* INSTRUCTIONS FOR THE TASK: Leave the pictures out, and transcribe the material below exactly from the line with "moi beeline App Store" to the line with "aladdin budding theatre", both lines included.

* DATA EXCERPTS:
= = = =
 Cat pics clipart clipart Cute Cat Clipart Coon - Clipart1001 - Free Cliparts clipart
= = = =
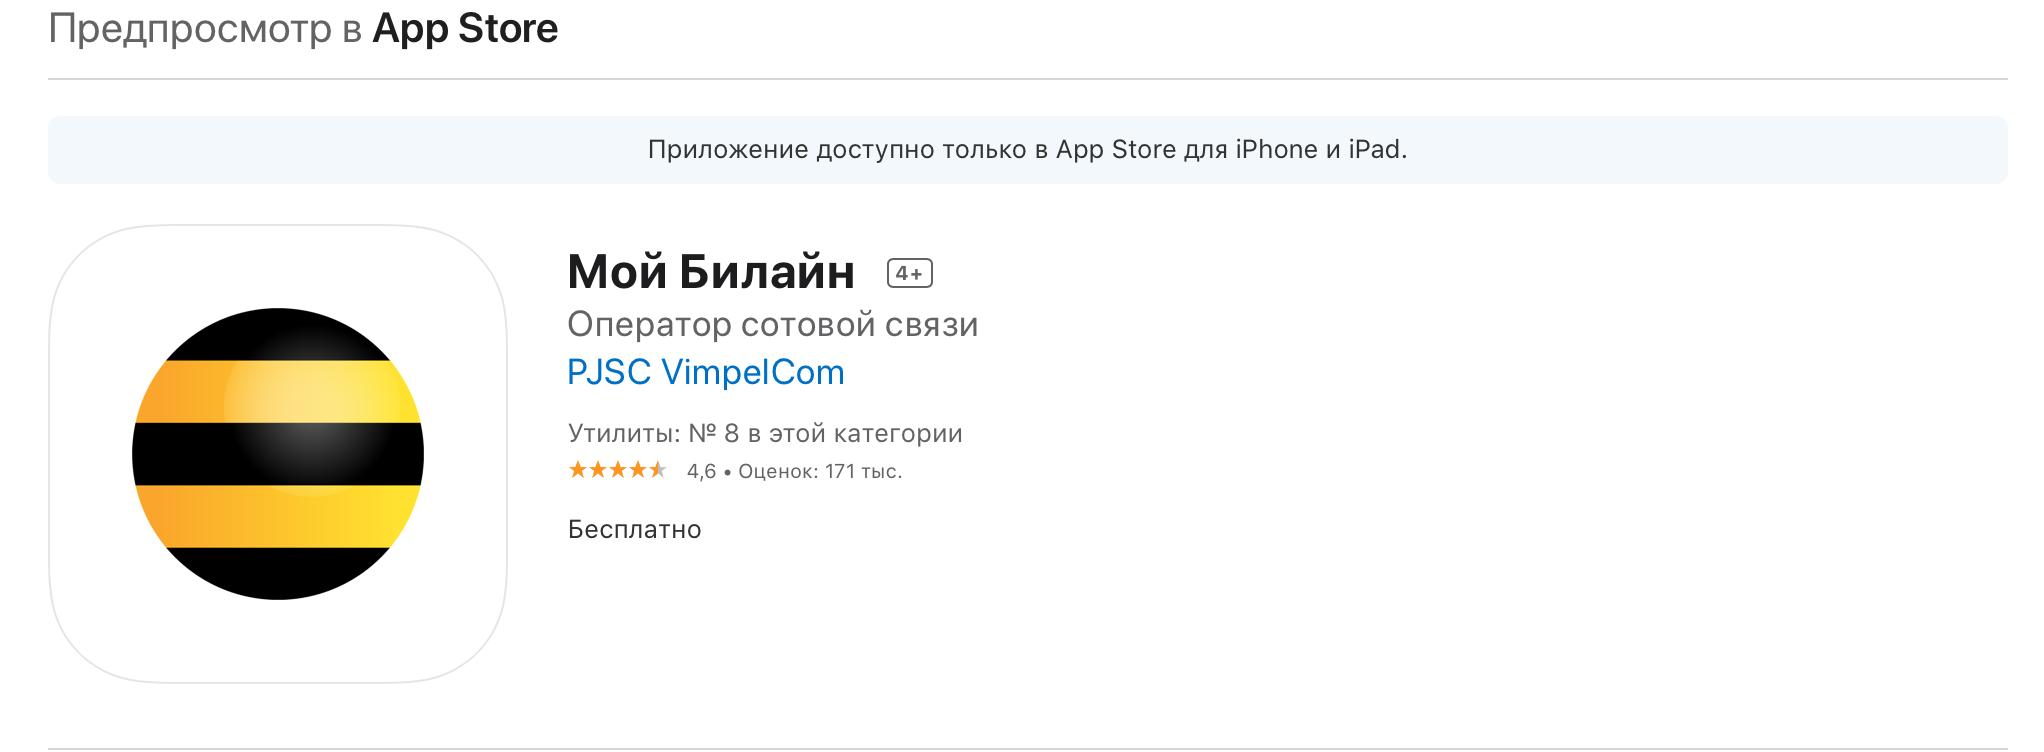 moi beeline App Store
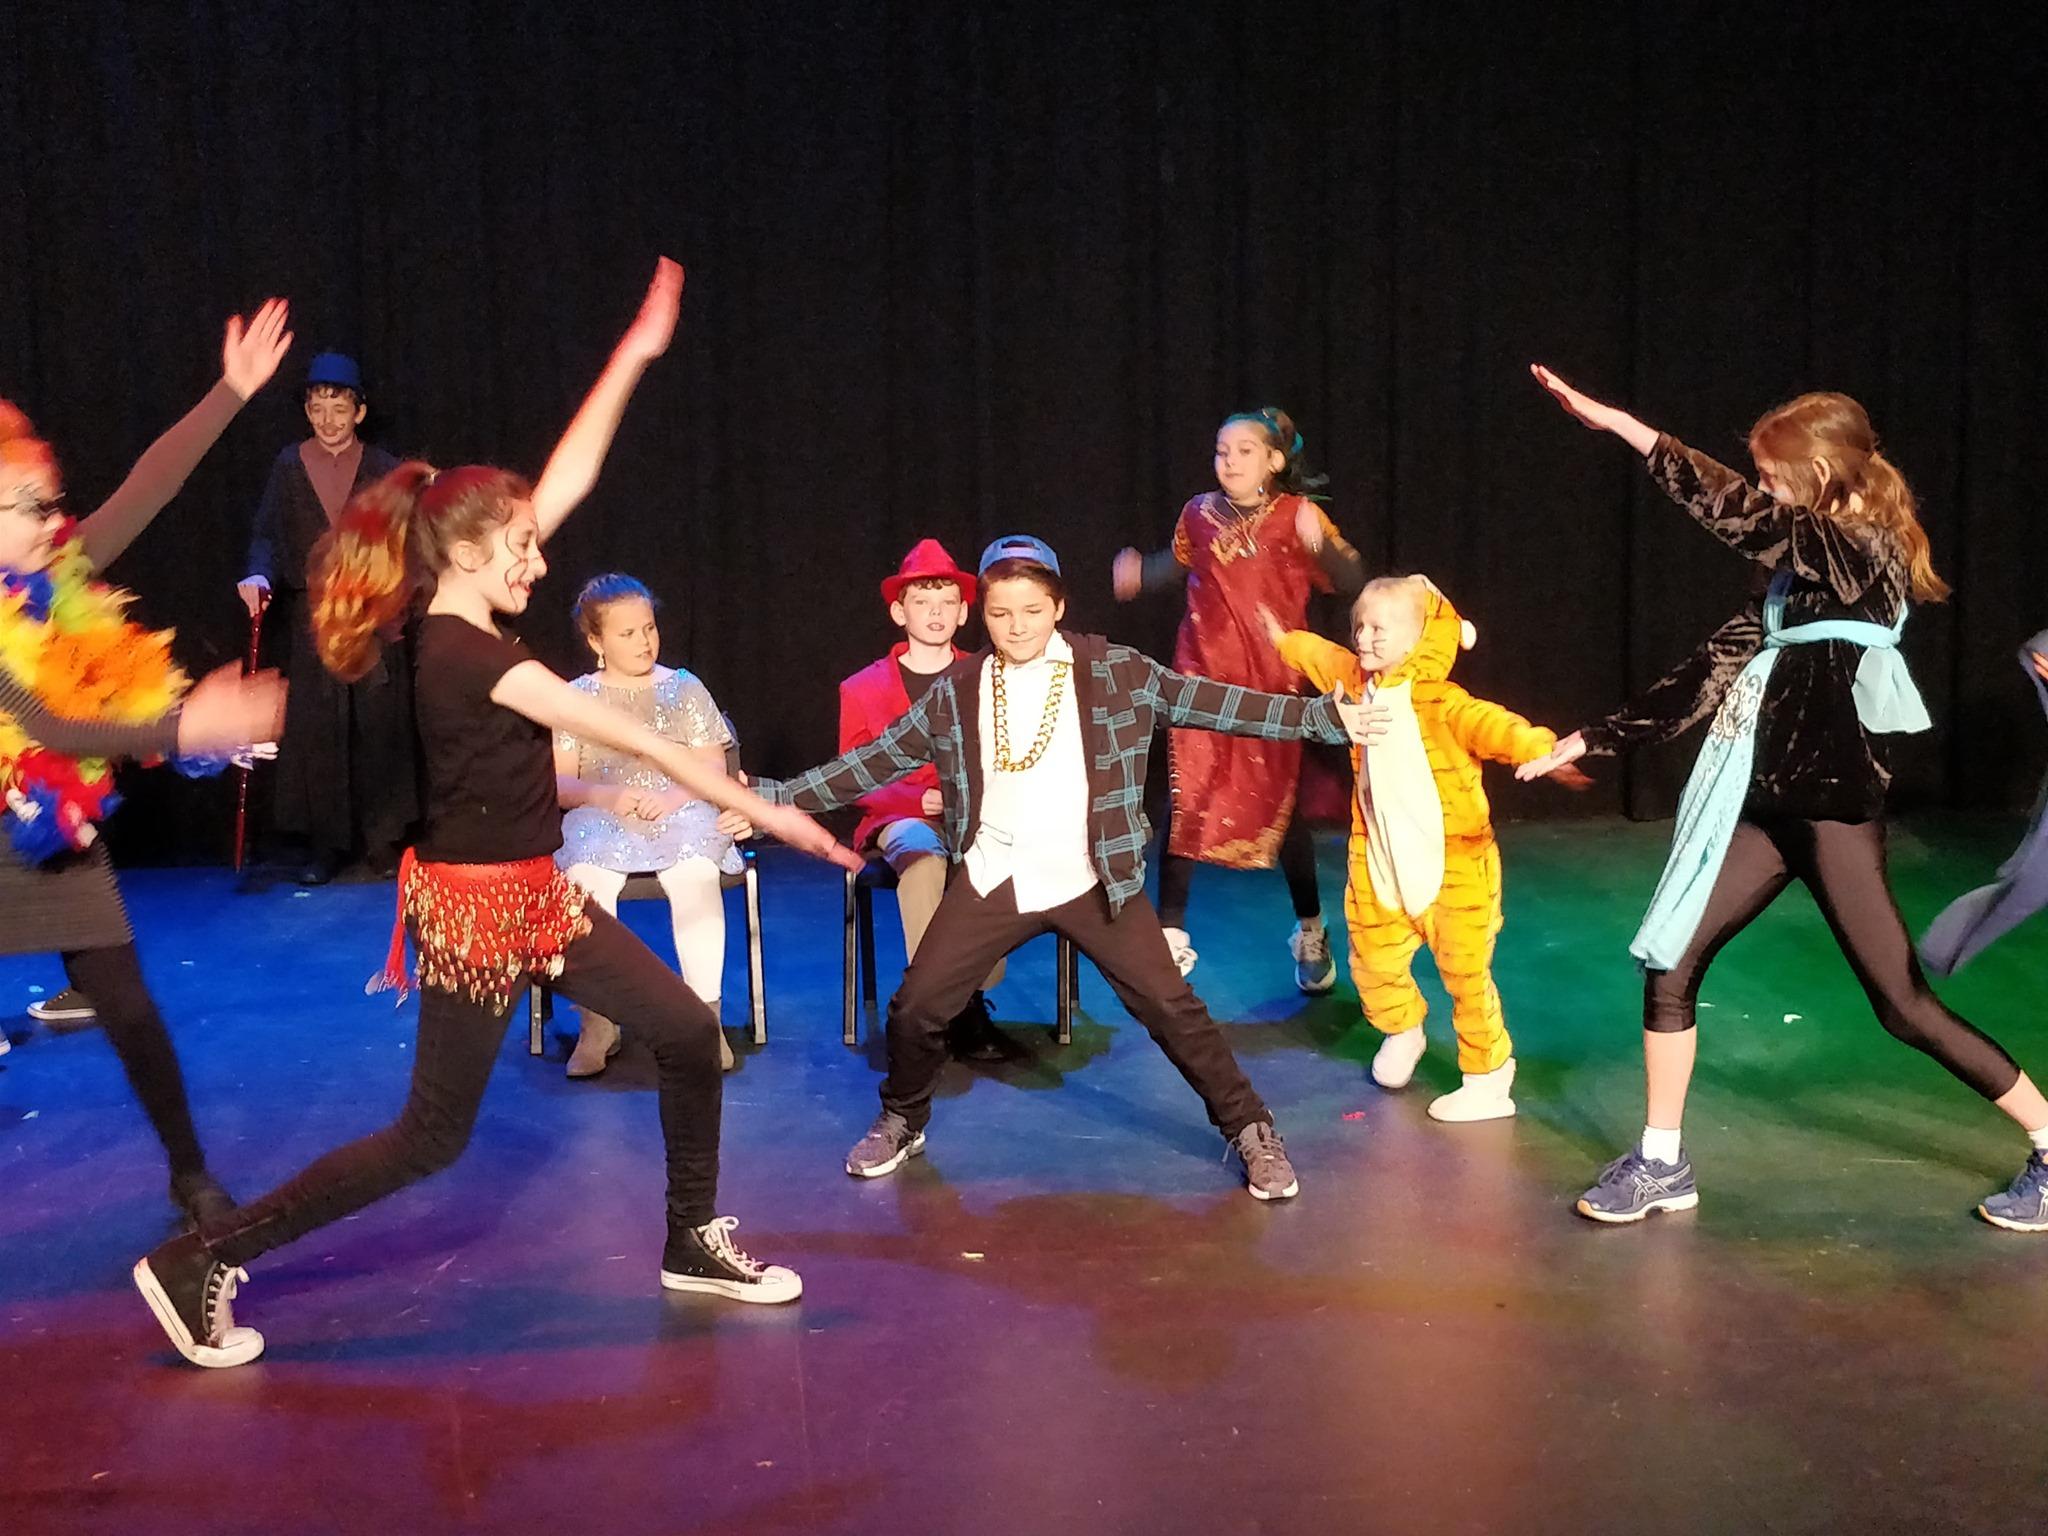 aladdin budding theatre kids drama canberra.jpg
= = = =
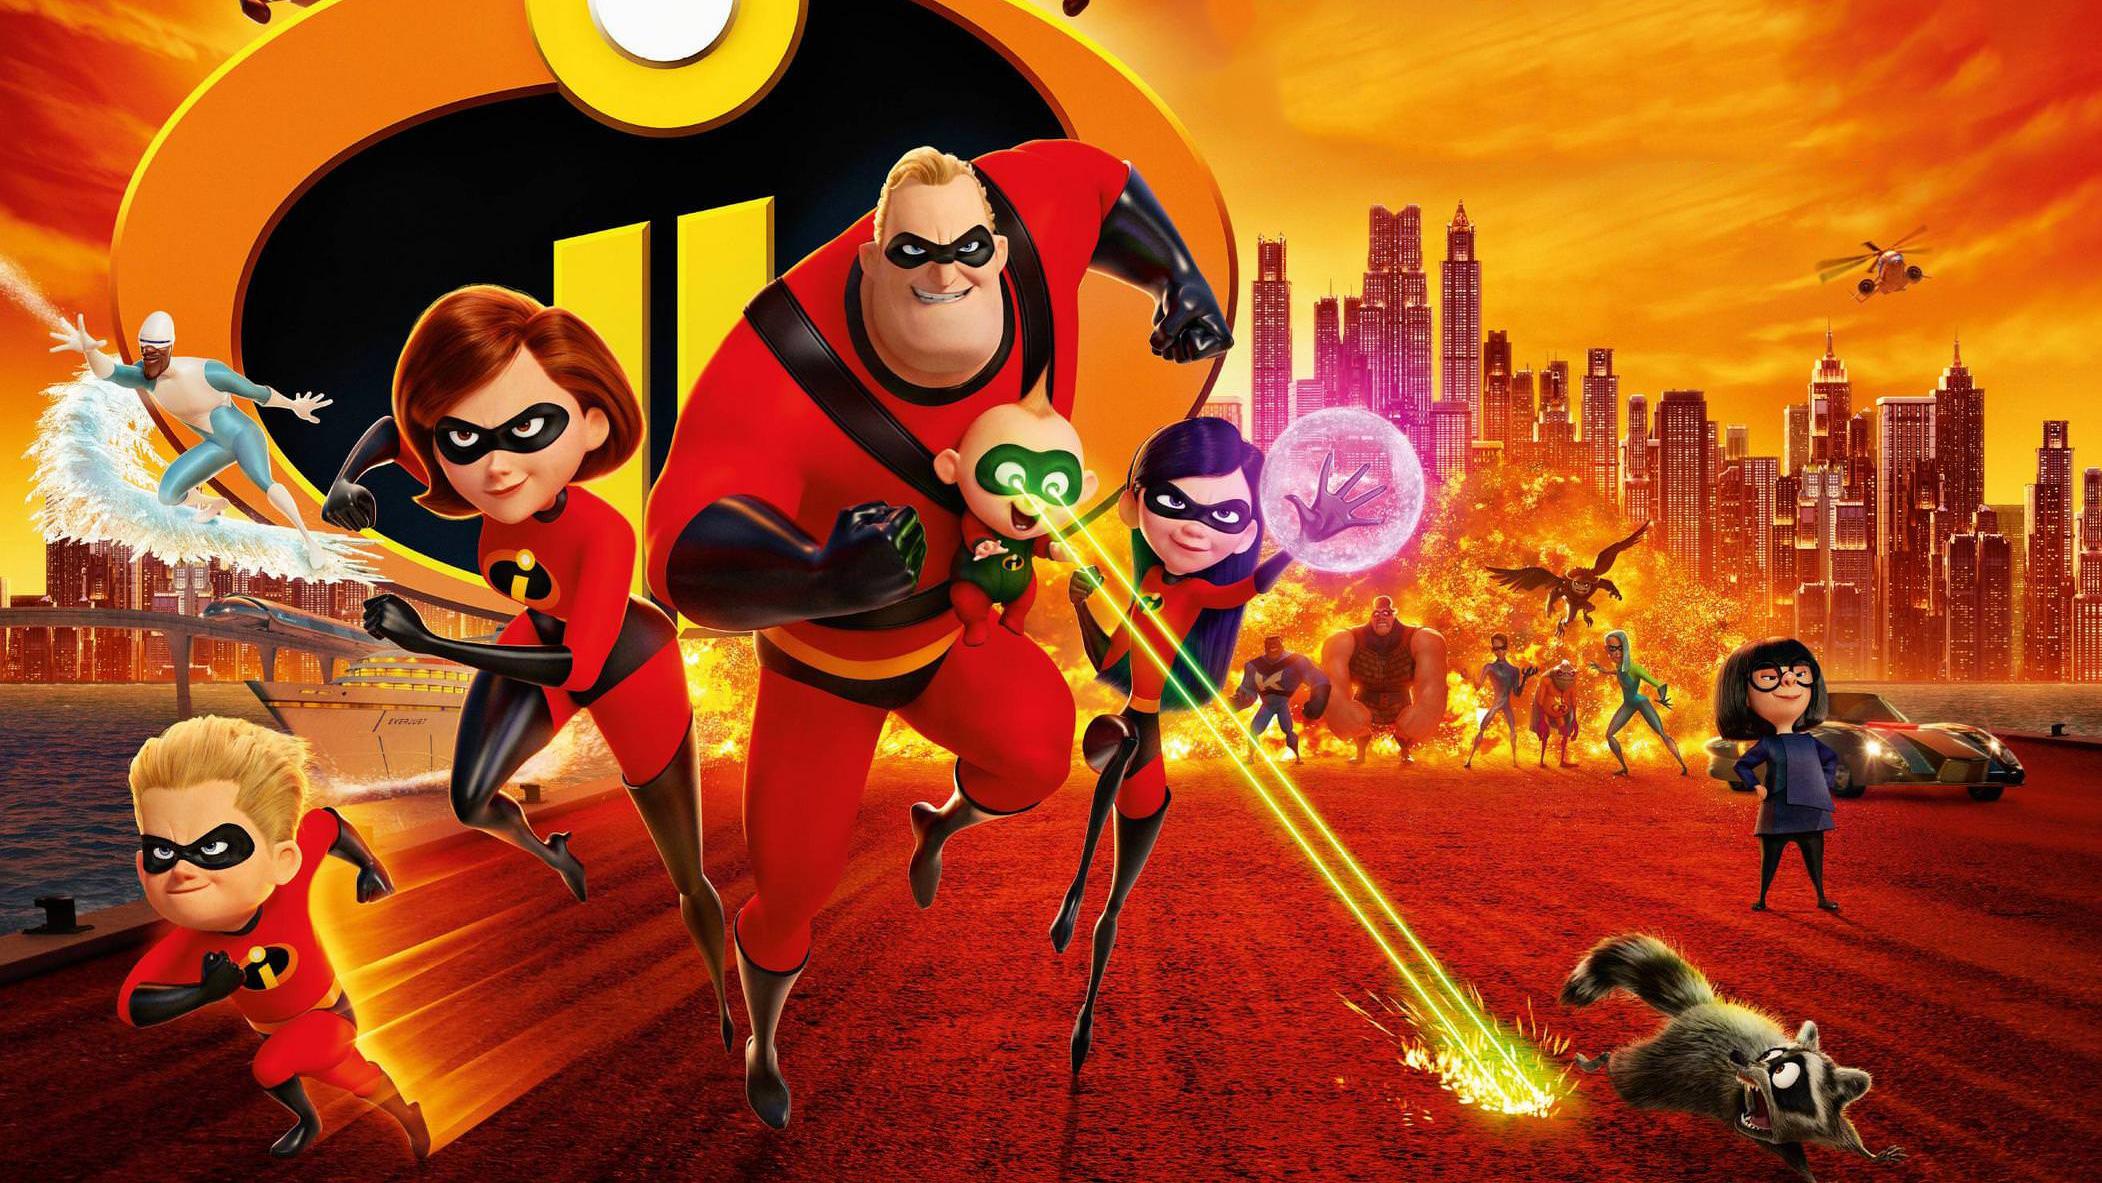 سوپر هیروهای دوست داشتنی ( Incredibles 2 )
= = = =
* TASK SOLUTION:
 moi beeline App Store
 aladdin budding theatre kids drama canberra.jpg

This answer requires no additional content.